The GSA survey found that only half of its members felt safe at school, 44% felt “pretty safe” and 6% felt unsafe. Thirty-eight percent had stayed home at some point because of harassment they encountered at school. Almost 30% had been told to kill themselves by another PHS student once or twice, and almost 18% had been told to kill themselves by other PHS students more times than they could count, according to the survey.

More than half of GSA members also reported hearing their fellow students using sexuality- or gender-related slurs every day at Portage High School, and 58% heard the word “gay” used as a derogatory term multiple times per day.

According to the 2019 Youth Risk Behavior Survey, almost half of LGBTQ students at PHS reported being bullied on school property within the previous year, compared to 25% of straight and cisgender students (those who identify as the gender they were assigned at birth).

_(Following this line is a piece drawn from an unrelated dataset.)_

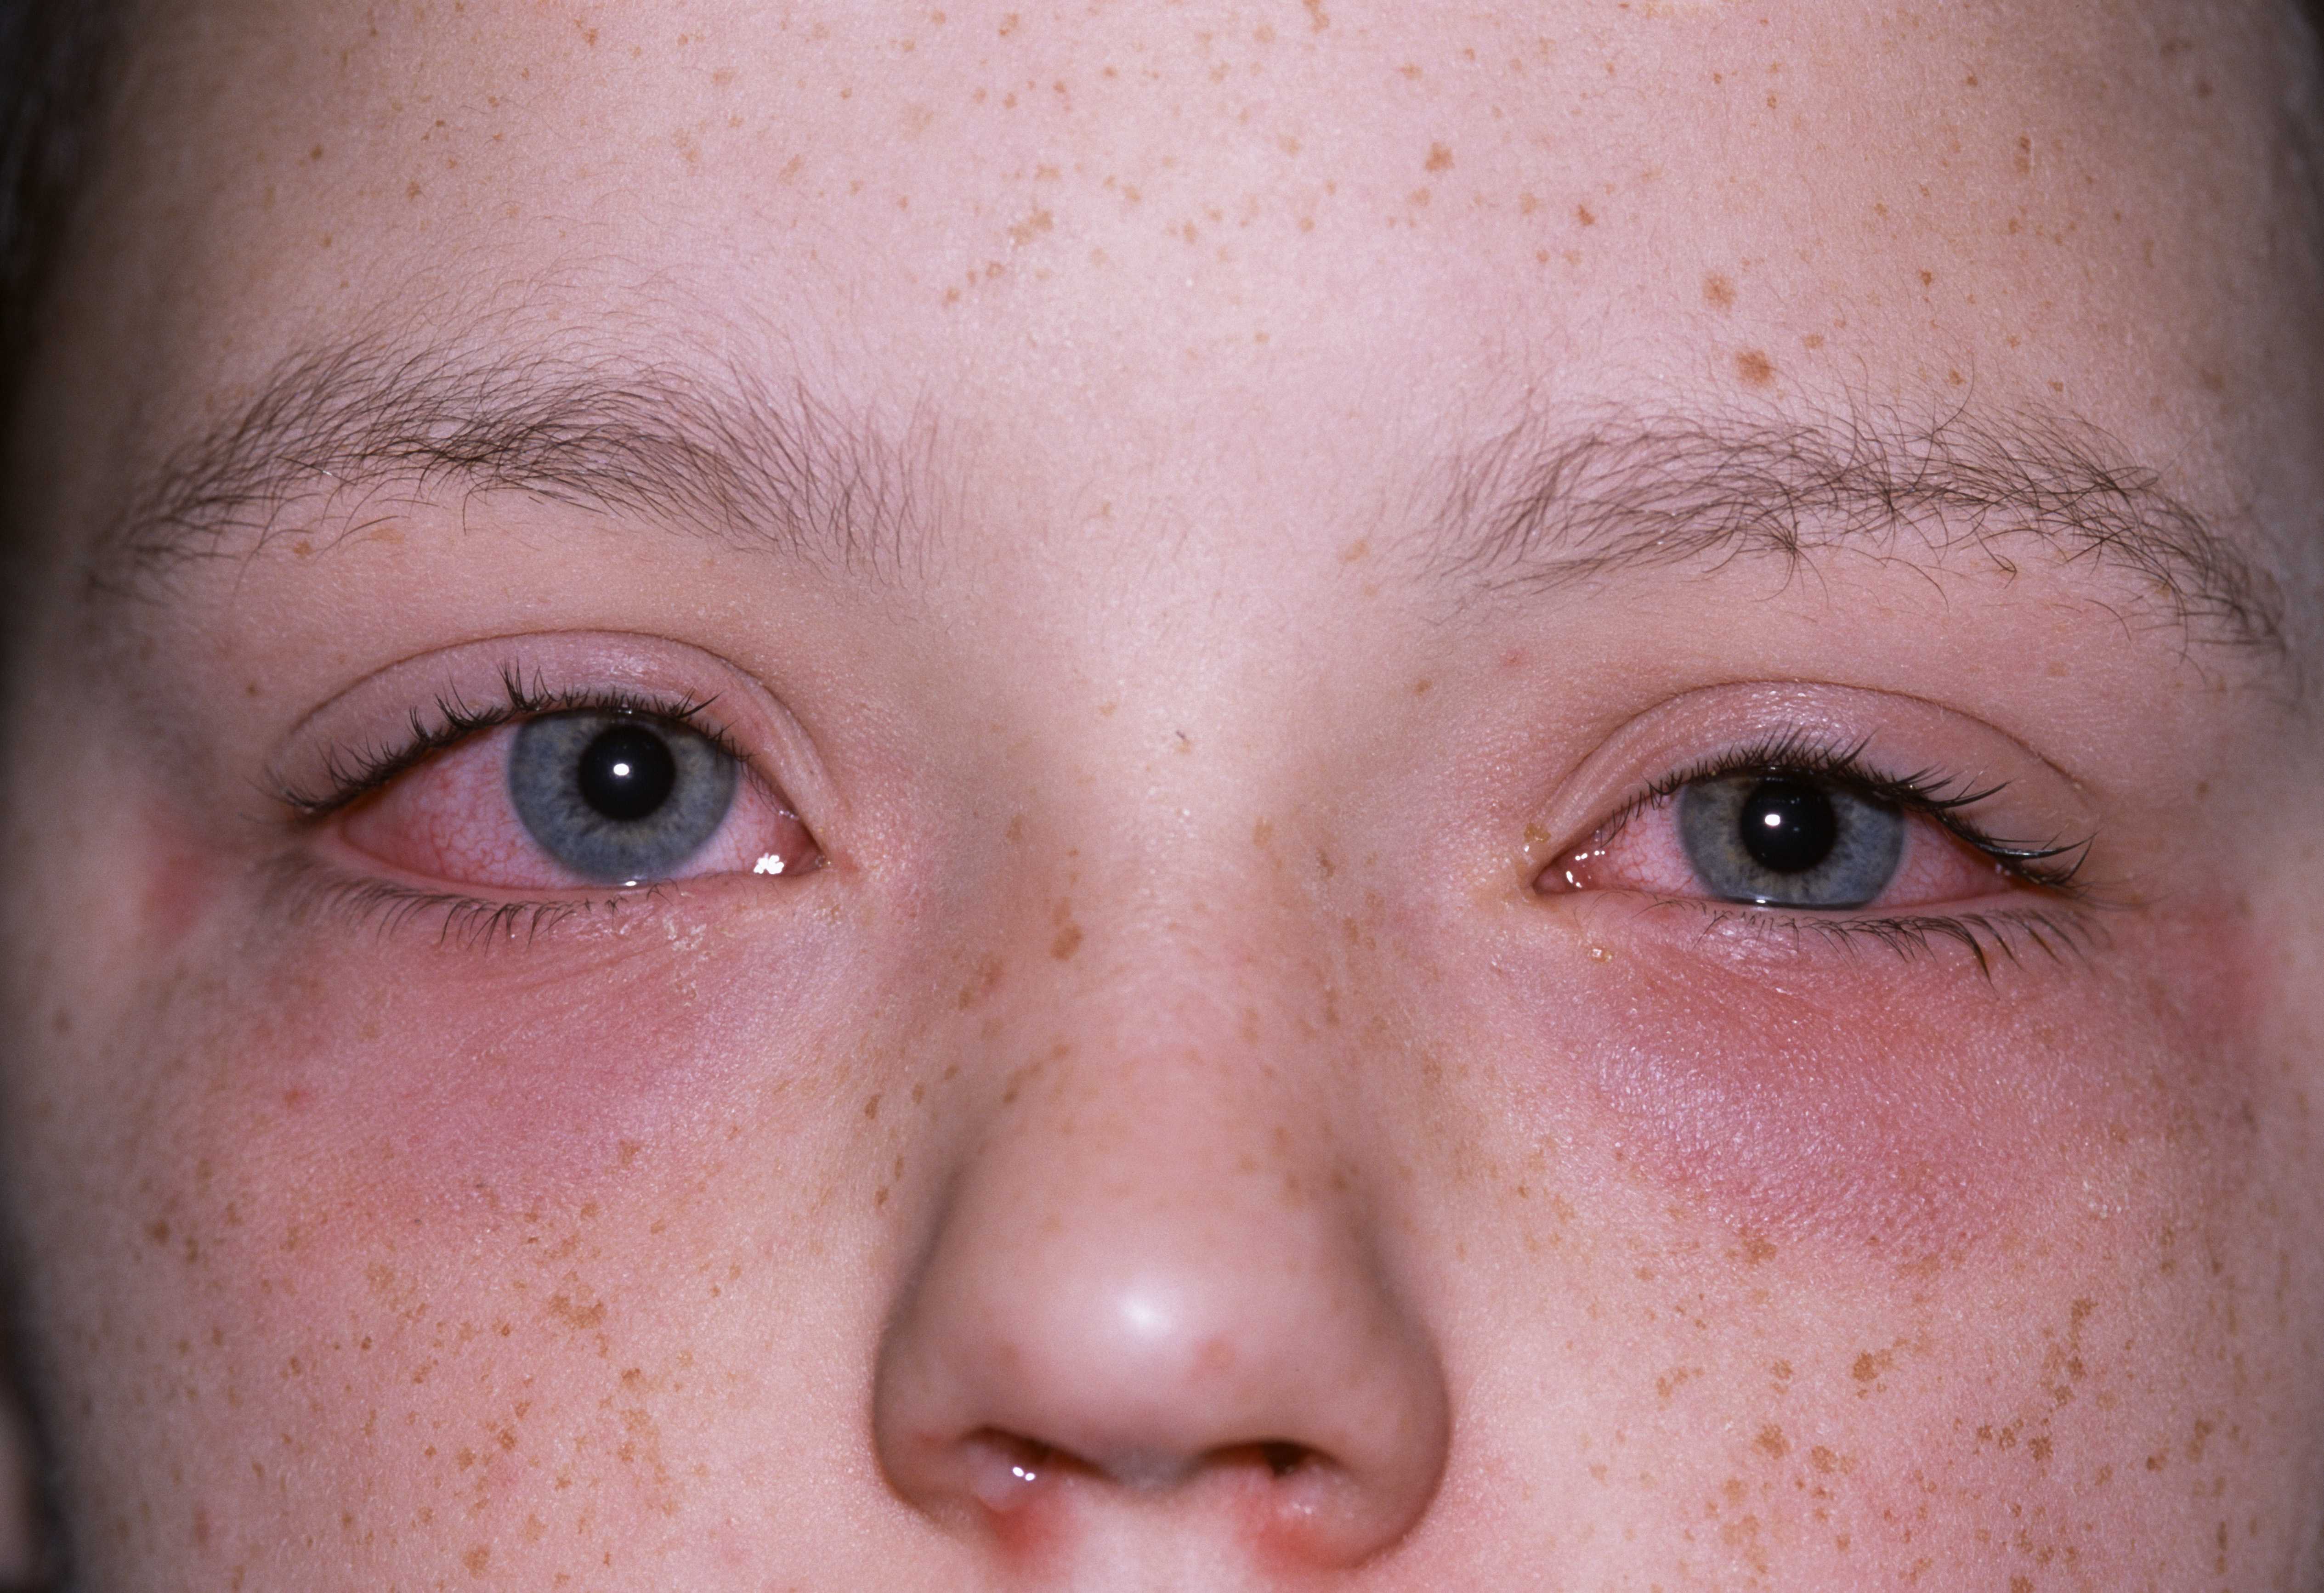 Аллергия: что это, почему возникает и можно ли избавиться навсегда | рбк тренды

Almost one-quarter of LGBTQ students missed school due to safety issues within the previous year, compared to 5% of straight-cisgender students, the YRBS showed. LGBTQ students were also much more likely to report having problems with anxiety and to have attempted suicide or seriously considered suicide over the last year.

The Trevor Project’s 2020 National Survey on LGBTQ Youth Mental Health found that being addressed by one’s preferred pronouns had a significant impact on transgender and nonbinary youth: If all or most people in their lives respected their pronouns, they “attempted suicide at half the rate of those who did not have their pronouns respected.”

GSA accomplishments

Shanks said her students also shared some of the GSA’s accomplishments with the school board. After conducting its survey, the club instituted “safe space stickers,” which when placed on a classroom door indicate that the teacher inside can be trusted to do something if a student says they’re being bullied. Club members also:

  • Created an online form that students can use to report bullying, rather than having to go to the office and fill out a paper form;
  • Worked with then-principal Robin Kvalo on updating the student handbook to include information on using correct names and pronouns, as well as other changes;
  • Got the school to open gender-neutral bathrooms around 2018; and
  • Raised $200 in a candy sale to buy books they will donate to the district’s elementary schools this year so their libraries include positive representation of LGBTQ characters and families.

Having accomplished most of their goals, the GSA is now focused on continuing to educate staff and students on inclusivity and trying to make sure curriculum is inclusive and addresses issues that affect the LGBTQ community, Shanks said.

McEvilly, who graduated in January but still presented to the board this month, said he hoped the presentation was an “eye-opener” into what needs to be done to create a welcoming school environment.

“People should step up and do their research on groups of people they can’t relate to, instead of just kind of assuming they’re doing enough,” he said. “It’s about getting down on our level and asking the people in question instead of assuming you’re doing enough as is, because it’s vulnerable to do that, but it’s going to take vulnerable work for school to be safe for all its students, and I think that’s what’s called for.”